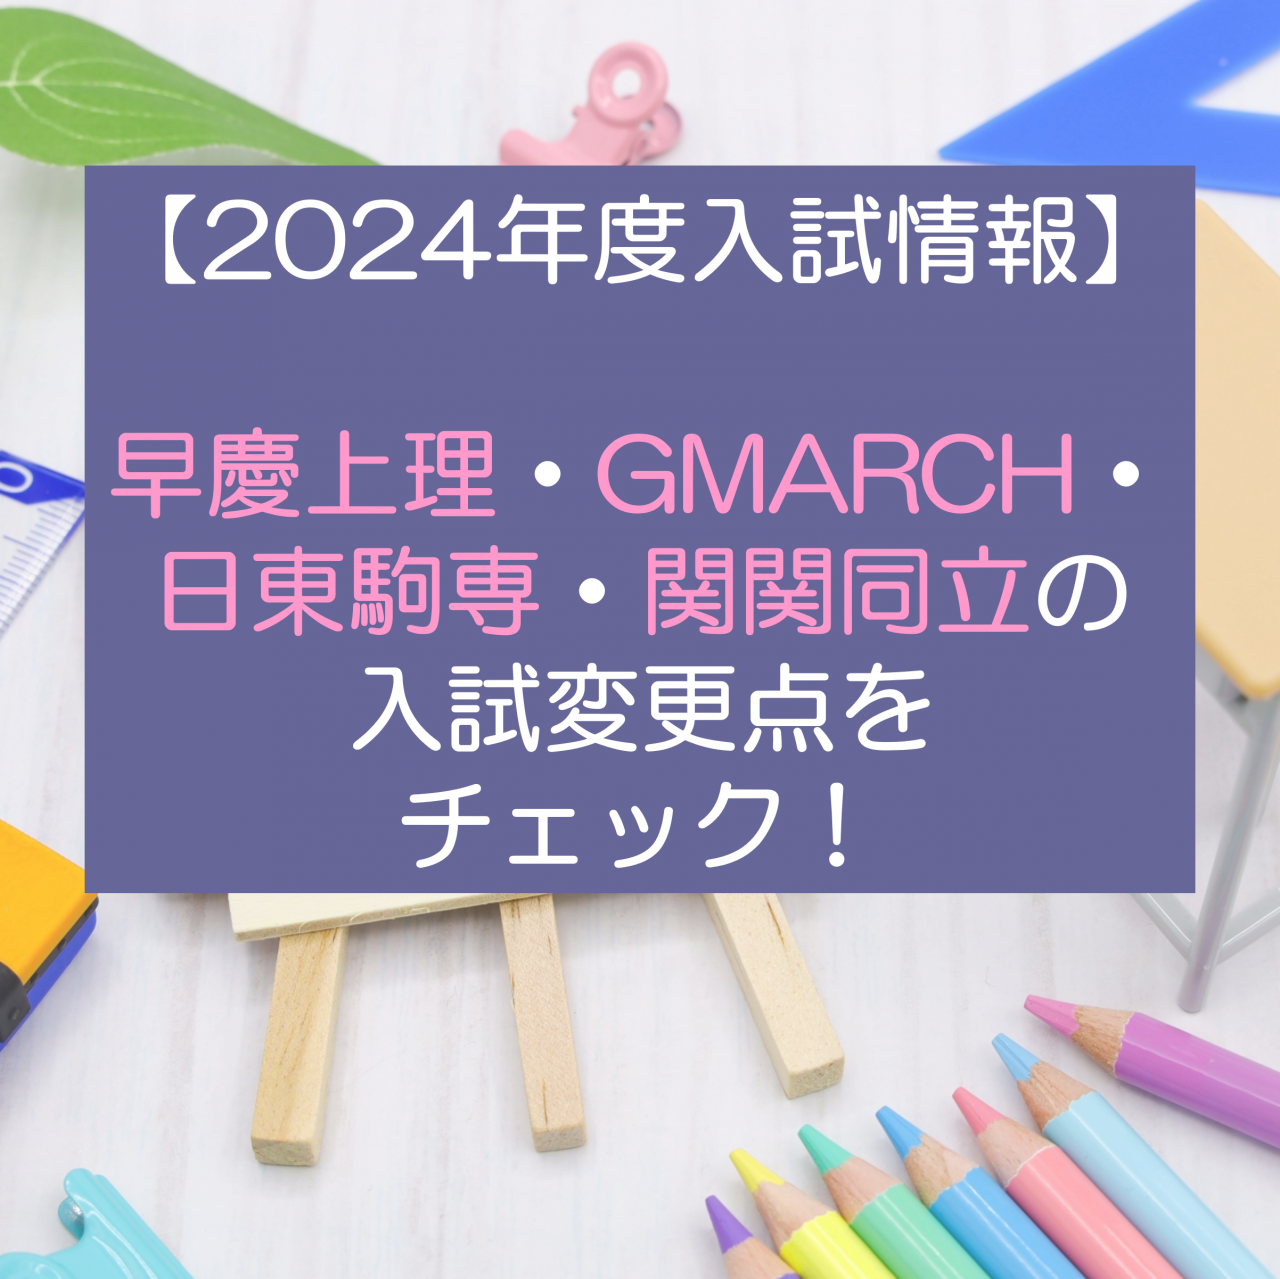 【2024年度入試情報】早慶上理・GMARCH・日東駒専・関関同立の入試変更点
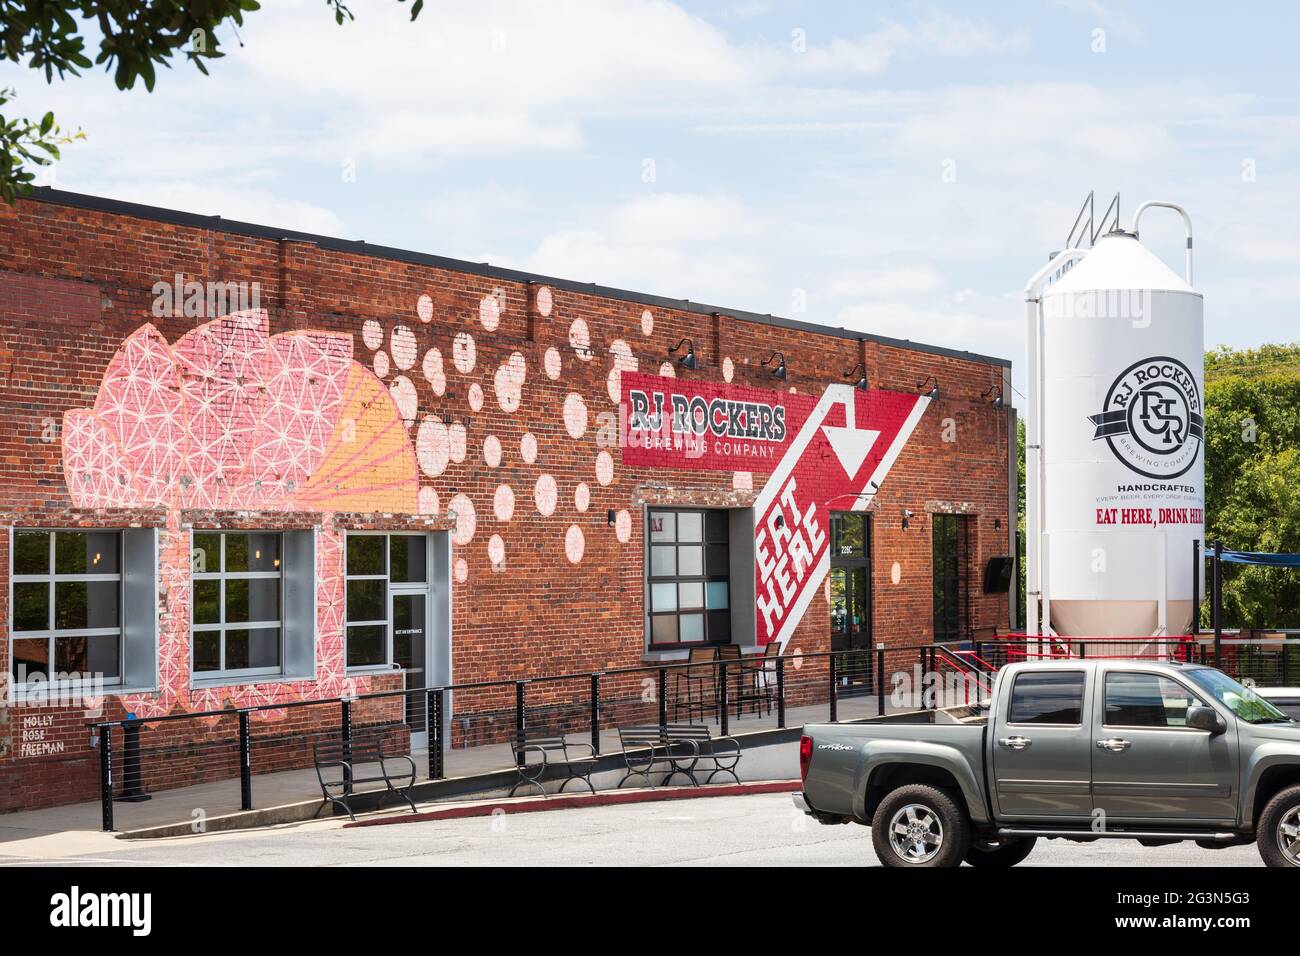 SPARTANBURG, SC, USA-13 GIUGNO 2021: Immagine della società di birra RJ Rockers, che mostra l'edificio, il parcheggio, il serbatoio per la birra bianco, i cartelli e il logo. Horizonta Foto Stock
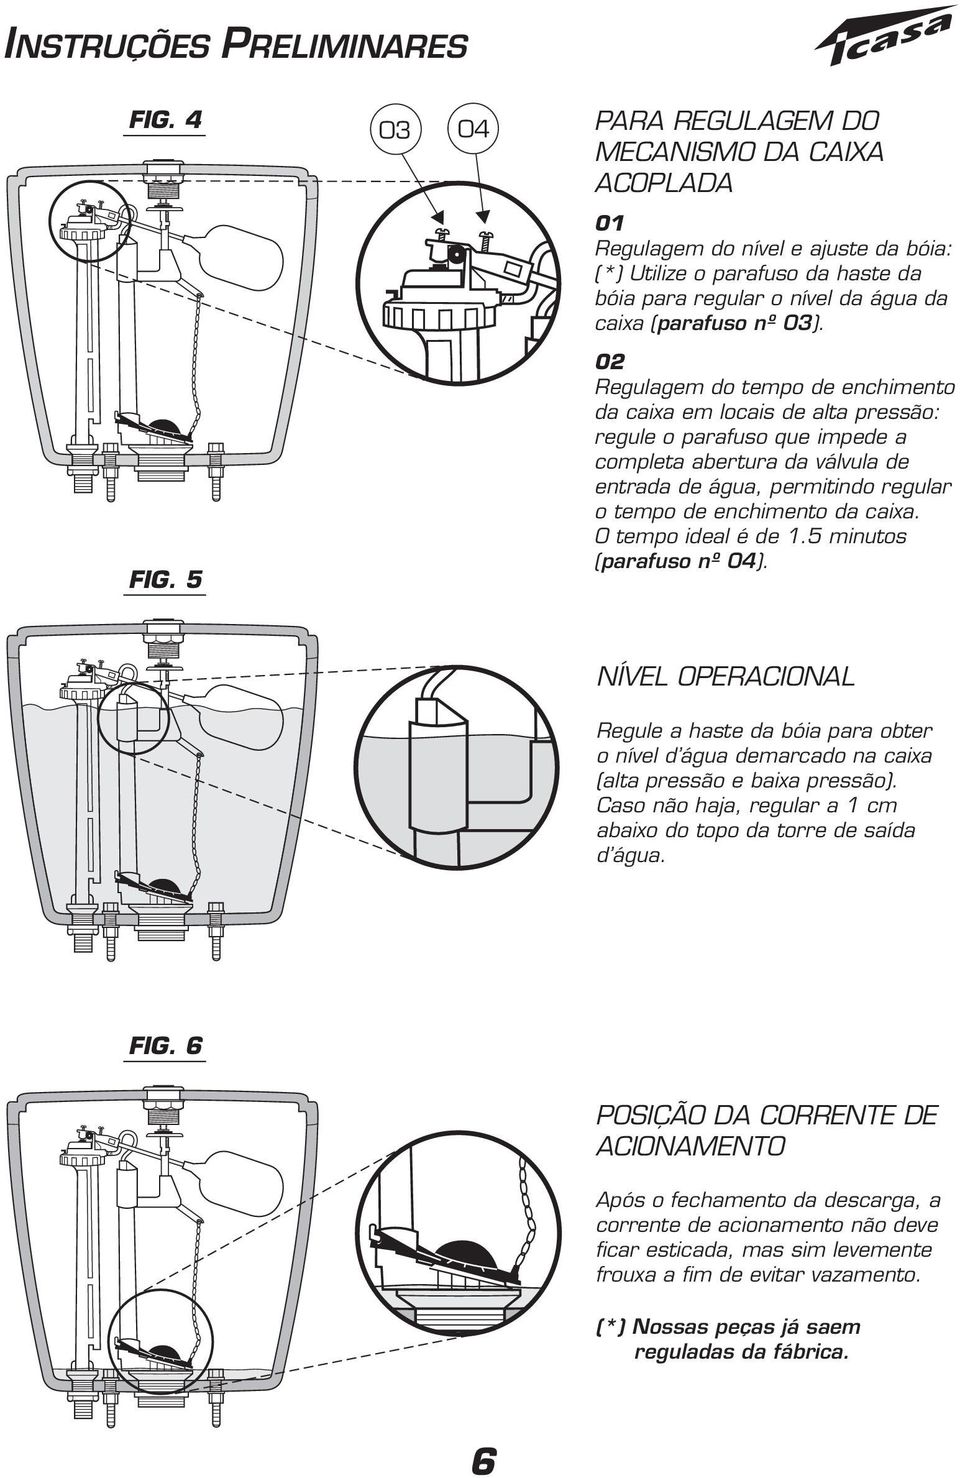 02 Regulagem do tempo de enchimento da caixa em locais de alta pressão: regule o parafuso que impede a completa abertura da válvula de entrada de água, permitindo regular o tempo de enchimento da

## [Task brief]
Beginning with the line that contains "SPARTANBURG, SC, USA-13" in the data above, please copy each line exactly until the last line, both ends included, skipping any pictures.

## [Reply to the task]
 SPARTANBURG, SC, USA-13 GIUGNO 2021: Immagine della società di birra RJ Rockers, che mostra l'edificio, il parcheggio, il serbatoio per la birra bianco, i cartelli e il logo. Horizonta Foto Stock
 02 Regulagem do tempo de enchimento da caixa em locais de alta pressão: regule o parafuso que impede a completa abertura da válvula de entrada de água, permitindo regular o tempo de enchimento da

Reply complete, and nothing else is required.